Now is the time to act

For apprenticeship standards, there is no single approach to external quality-assurance. Depending on the version of documentation you read, there are three, four or five. The official government guidance says there are three options: an employer-designed solution within specified parameters set by the guidance, professional bodies taking on the role, or Ofqual regulation. 

The fourth, isn’t described as an option as it’s a route of default rather than choice: the Quality Assurance Agency, which retains its remit for regulating degrees, and therefore degree apprenticeships. 

And in FAQs or presentations given before the IfA launched, there has also been a fifth option: to ask the IfA itself to take on the role. 

It’s this final option that provides the same conflicts of interest that afflicted QCA. And what happened to QCA? Well, it was disbanded and from it two organisations were created: the now-defunct Qualifications and Curriculum Development Agency and Ofqual, as an independent regulator. The legislation that established Ofqual gave it five objectives: qualifications standards, assessments standards, public confidence, awareness and efficiency. It’s hard to understand what might put this at odds with apprenticeships.

At the heart of these reforms is a drive to put those with the right experience at the centre of the design

And yet, in this round of apprenticeship reform, while we are not replacing Ofqual (at least not directly), we are adding further complexity into a system that almost everyone already thinks is too confusing. 

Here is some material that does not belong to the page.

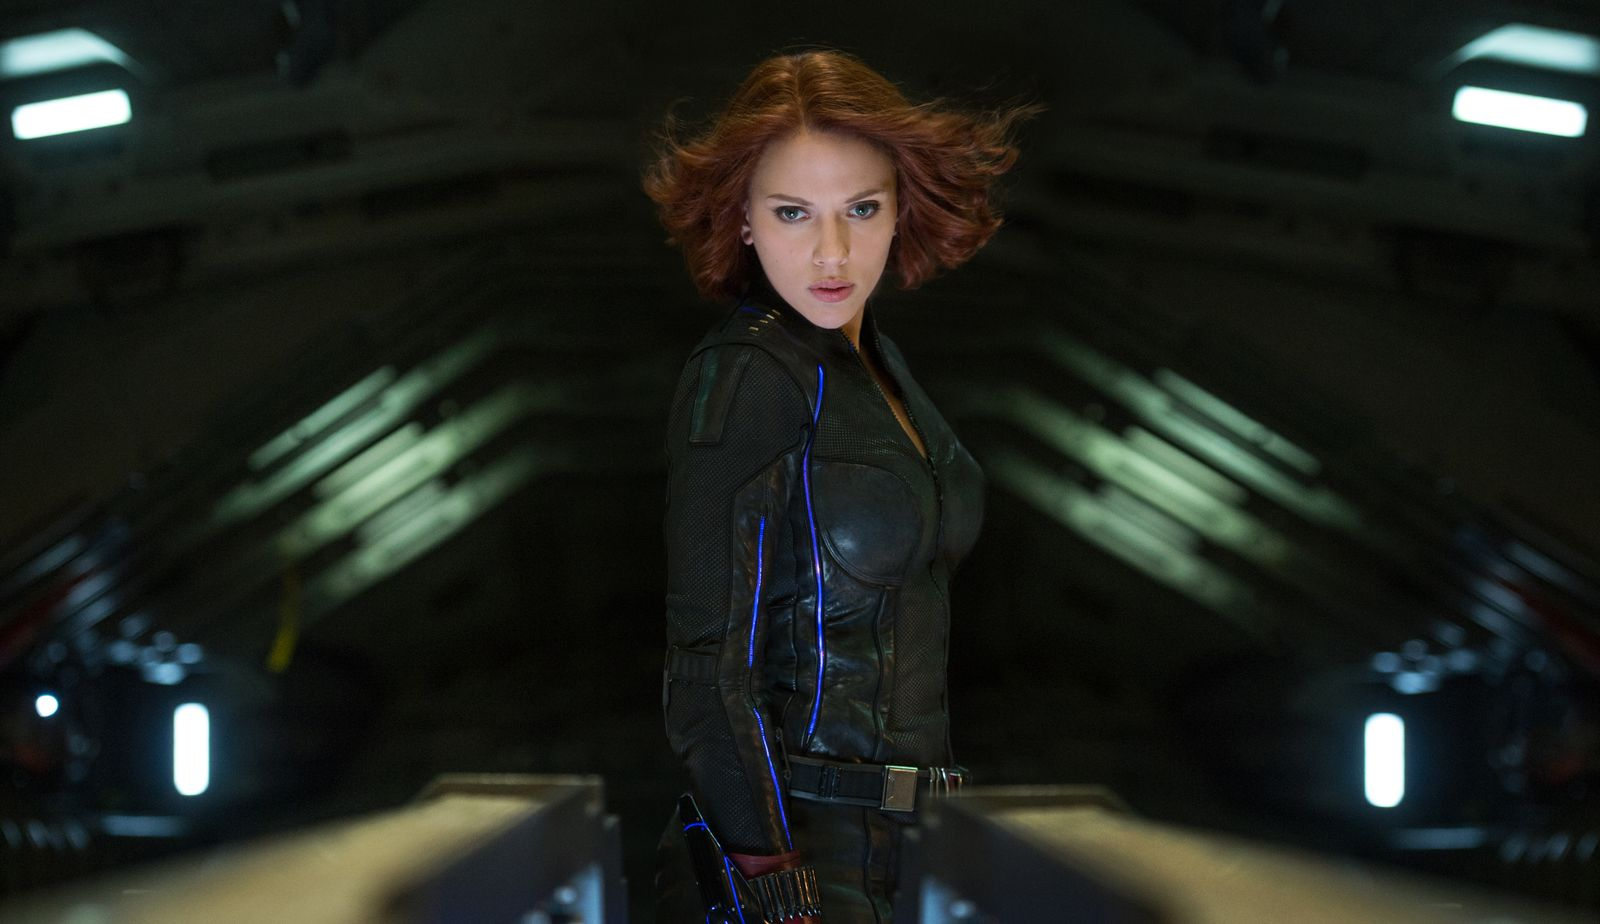 EINMALIGE VERWENDUNG Film/ Avengers: Age of Ultron VID

It would be difficult to imagine a similar approach to qualifications like GCSEs and A-Levels, where, say, an academy trust or local authority could set the bar for school-leaving qualifications. So why is it acceptable for apprenticeships?

At the heart of these reforms is a drive to put those with the right experience at the centre of the design. It’s an obvious, important step, but while it’s easy to understand, it is baffling that the same message – about putting those with experience in the driving seat – does not extend to quality assurance and regulation. In an era where budgets are getting tighter, and government expenditure does not reach as far as it once did, spending money on duplicating the functions of an existing non-ministerial department seems frivolous.

Regulators are often disliked – it’s the nature of their role – but the function they fulfil is an important check to ensure quality. At some point, probably in the not-too-distant future, questions are likely to be raised about disparate approaches to quality assurance within apprenticeships. And to where should those concerns be directed?

Indeed, the fact that the assessment community is actually calling for Ofqual’s role in apprenticeships to be extended should indicate that something is wrong. 

It is not common for the regulated to be calling for their regulator to have more power. Correcting this misstep would mean some changes to standards that have already been approved for delivery, but that is much easier to do right now, while the numbers of starts is low. It would certainly be easier to do before the Institute begins to develop a regulatory function, and given it doesn’t yet formally exist, now is the time to act.